The lady cooks for me and another officer, another forced bachelor Geo-physicist from Nagpur who lives in the ground floor. I am happy with the 3 hot vegetarian meals I get. I have had to procure mineral water from outside Koyla Nagar (I love the name, it had to be coal; I love the word Black Diamond, I think it must have been coined by a Bihari/north Indian, they have a unique sense of humour).

I am sorry I have burdened you with all this. You have faced worse in your younger days. I have heard the story of a snake in the bed roll of an officer when he returned after leave and that of a tiger on the way to the incline. But now I am approaching 50 and a little tired of all this. In my very comfortable stay at Kolkata, though in a job that I had gotten utterly sick of having been at it for 15 years, I had forgotten that I was a servant and I need the salary badly.

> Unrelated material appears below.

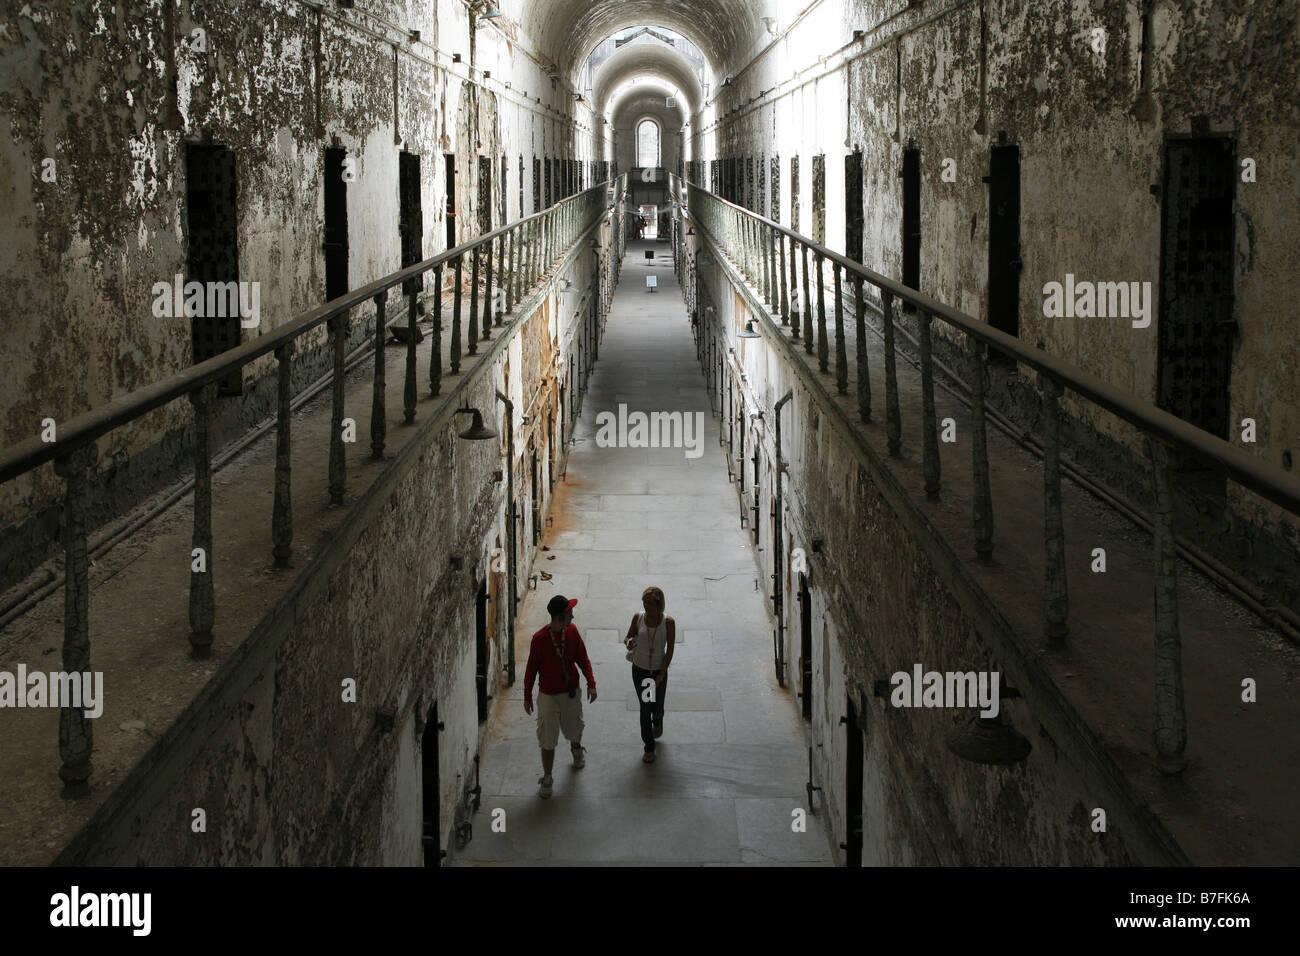 Eastern State Penitentiary, Philadelphia, Pennsylvania, USA - Stock Image

I am trying to get a hang of the job. I must give the company what I can in return for the salary which brings home the bread for me, which I have always done. For 3 years. Then we shall see.

The problem with (the holding company that recruited me from BHU-IT campus) that it has always been a single focus company with one goal. Get coal. The supporting systems have not got the attention they needed. I think the Manager should be the last man for the responsibility for production. The SAM/Agent should give support to the production activity in his sphere of responsibility. Ditto the GM. Here we have CMDs screaming daily regarding production. While Personnel Officers make tours to the HQ even as there is a strike in the colliery. The Finance Manager goes home to Kolkata with the keys for cash. I so badly want to write to somebody who has the authority to change things, even though I know, knew since I joined ___ in 1981, that its days are numbered."

I would modify that ending now. That company, wonder of wonders, survives and will continue to survive, and qualified, honest, sincere, hard working, executives of the company will continue to be trapped into employment with it and thereafter raped lifelong to produce the coal that is its bread and butter and the fruits of its success shall continue to be enjoyed by unqualified people - Guest House care-takers who rise to become Directors (Personnel), (nearly all its high ranking personnel managers joined as clerks or workmen, no problem there, but look at their qualifications in Personnel Management/HR, yes they have heard the term) chainmen who become Chief Mining Engineers, etc.

However, now that I have seen the darkest nights, I have hope. The company has become a Navaratna, that is it pretends to be free to take its own decisions, even though insiders know that the Ministry has the final word. It is about to launch an IPO. So I might hope that in 20-25 yrs, we shall see an end to stupid idiots from villages of Bihar and UP who joined as clerks, security guards and care-takers rise to become Directors while engineers from IITs are transformed into clerks.